Patients treated with golimumab had a higher C-peptide level at week 52 compared to placebo.
“This was statistically significant; thus the study met its primary goal,” Quattrin says.
Quattrin adds that 41.1 percent of participants receiving golimumab had an increase or a less than 5 percent decrease in C-peptide compared to only 10.7 percent in the placebo group.
Nearly 43 percent of those who received golimumab were in partial diabetes remission (also known as the honeymoon phase) versus 7.1 percent of those receiving placebo. The definition of partial remission was based on insulin dose and blood sugar control levels as indicated by hemoglobin A1C, a measurement of average blood sugar levels over three months.
Quattrin explains that a child with Type 1 diabetes requires about 1 unit of insulin per kilogram of body weight per day. That means that a child weighing about 65 pounds typically requires about 30 units of injected insulin per day once they are out of the partial remission period — about 3 to 6 months after diagnosis.
“In this study, both golimumab and placebo groups achieved good blood sugar control, but patients treated with golimumab achieved it with less insulin,” Quattrin says.
During the 52 weeks, insulin dose increased only slightly for those on golimumab — 0.07 units per kilogram per day — versus 0.24 units per kilogram per day for those on placebo study.
In a post-hoc analysis — an analysis conducted after the conclusion of the clinical trial — those younger than 18 years had 36 percent fewer episodes where blood sugar was less than 54 mg per deciliter, designated by the ADA as level 2 hypoglycemia.
This is important clinically because low blood sugar reactions are dangerous and can even be fatal if untreated. Low blood sugar levels also require immediate attention, often causing the child to be removed from classroom or recreation activities, compromising quality of life.
The drug is self-administered as a subcutaneous injection every two weeks. No serious side effects related to the study drug — such as serious infections — were reported.

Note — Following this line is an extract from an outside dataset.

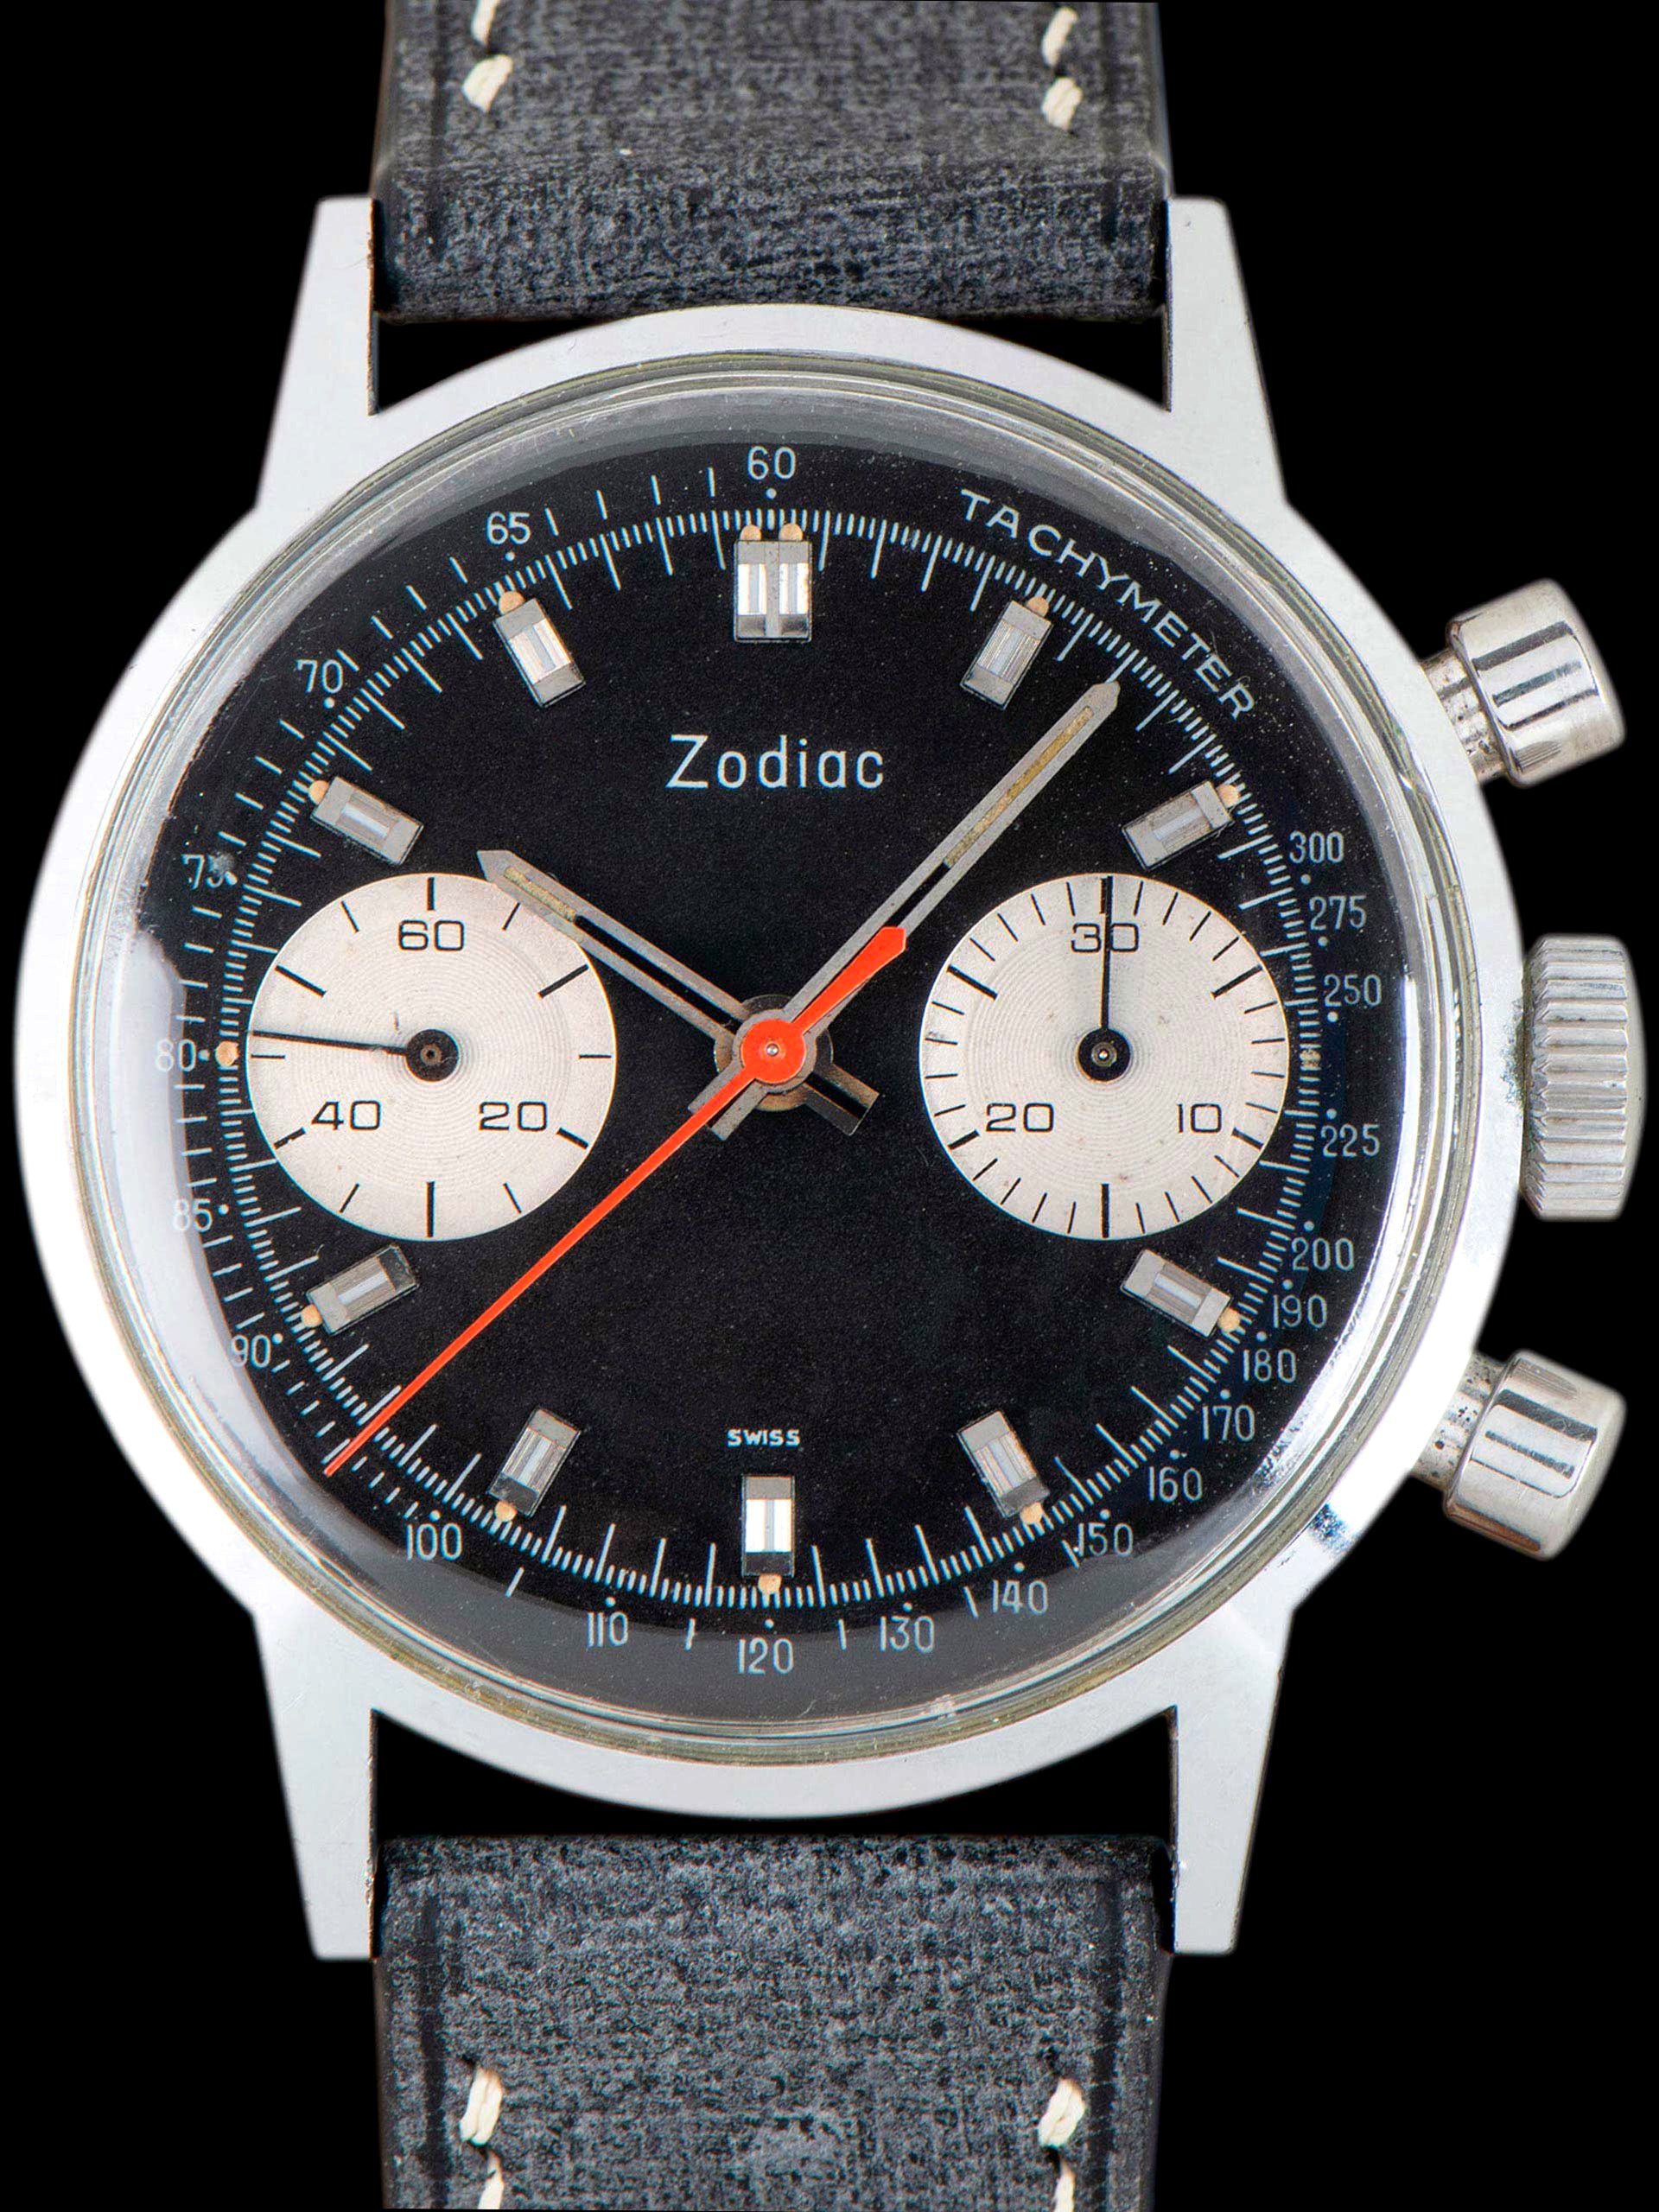 1960s Zodiac Chronograph (Ref. 73321) "Made By Heuer"
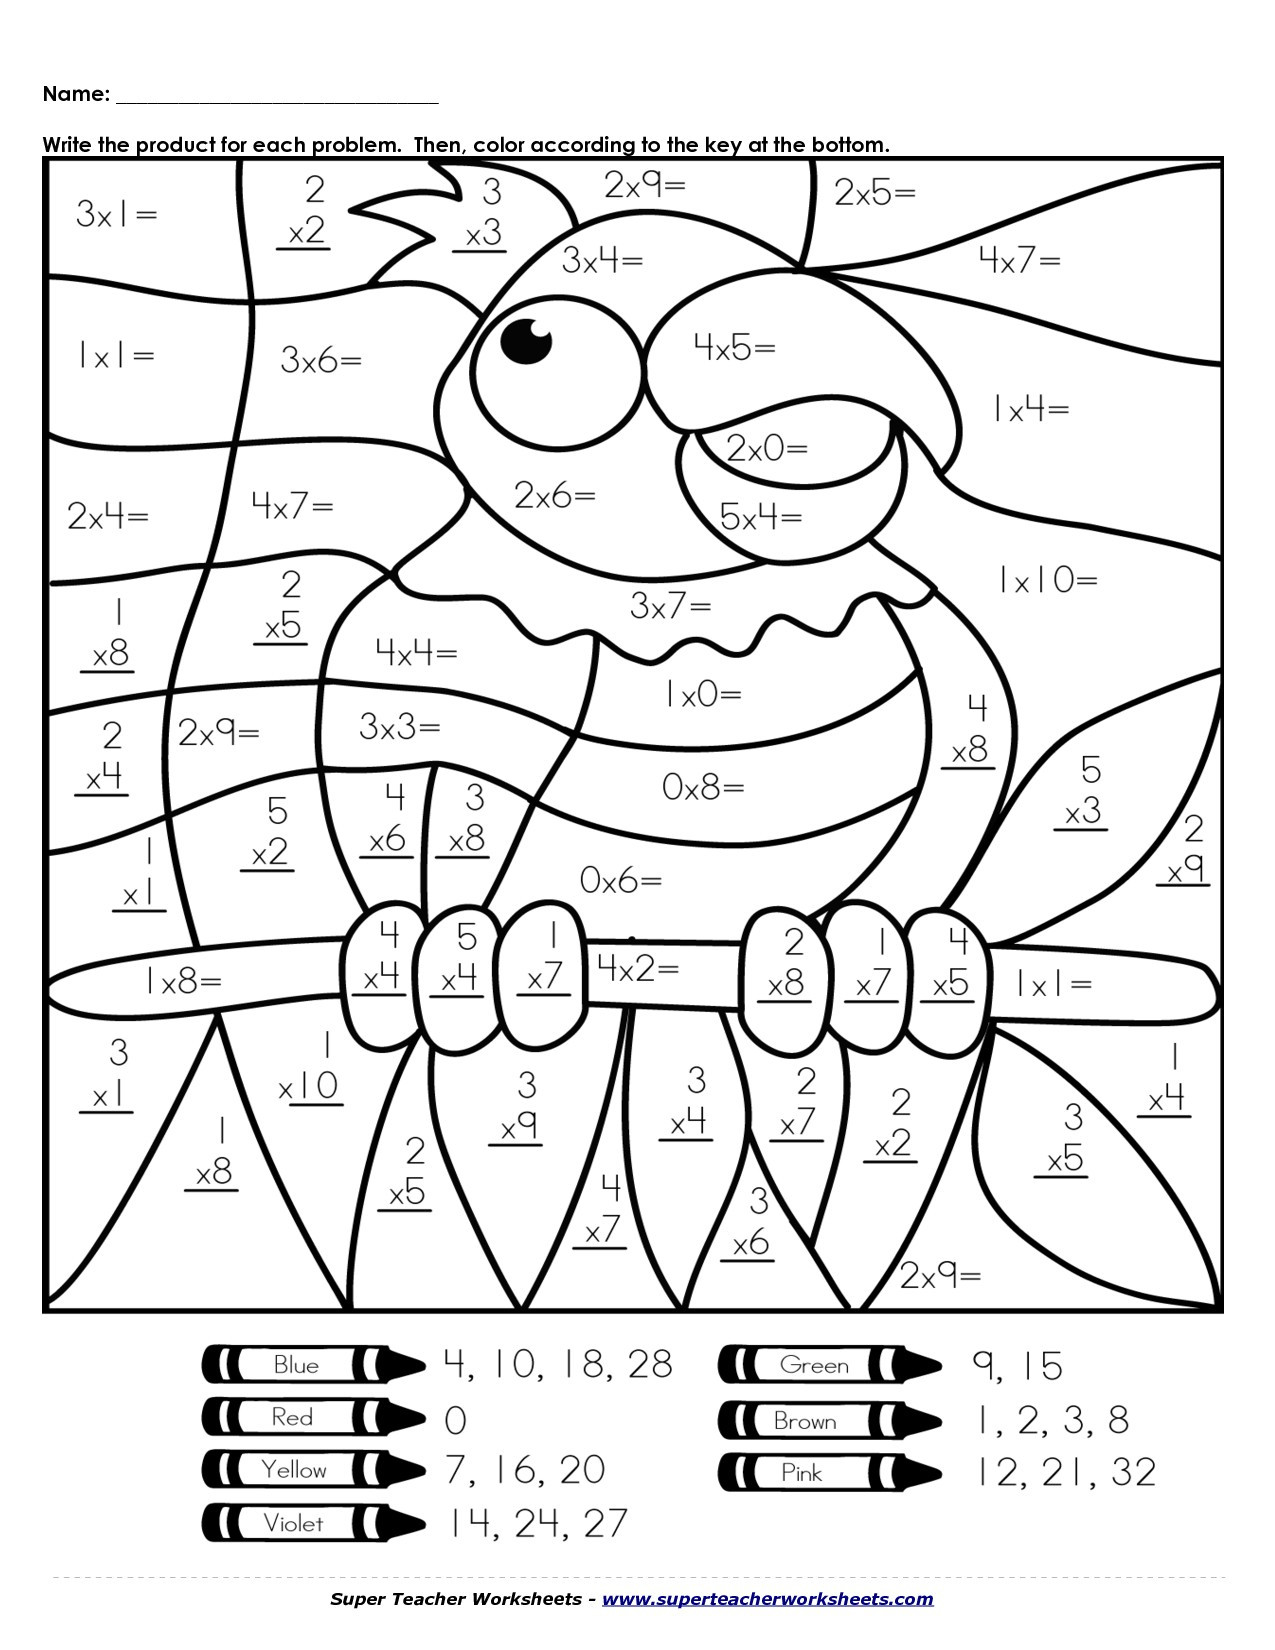 Coloring Pages For 7th Graders at GetColorings.com | Free printable

The randomized, controlled clinical trial was conducted at 27 centers throughout the U.S., including at the Diabetes Center at UBMD Pediatrics and Oishei Children’s Hospital in Buffalo. It involved 84 patients, ages 6 to 21 years, with two-thirds receiving golimumab and one-third receiving placebo starting within 100 days from diagnosis.
Throughout three decades as a leading researcher in pediatric endocrinology, Quattrin has been interested in finding ways to extend the remission, or honeymoon period, to preserve the ability of recently diagnosed Type 1 diabetes patients to continue to make insulin on their own.
The current study took place on the basis of positive findings in animal models, as well as Quattrin’s work with patients treated at the Diabetes Center at UBMD Pediatrics and Oishei Children’s Hospital. It confirms results published by her team in 2009 where in a randomized pilot study 10 patients received another TNF inhibitor and eight received placebo starting within 28 days from diagnosis.
The results of this small proof-of-concept study strongly suggested that this class of drugs might be able to preserve beta-cell function in newly diagnosed patients with Type 1 diabetes.
They were supported by the pediatric diabetes-endocrinology research team at the Diabetes Center at UBMD Pediatrics and Oishei Children’s Hospital, led by Amanda House.
Other co-authors of the research presented at the ADA and on the New England Journal of Medicine paper were from Emory University, the University of Colorado, the University of Florida and Janssen Research & Development LLC. The World Without Disease Accelerator — a group within Janssen — funded the study.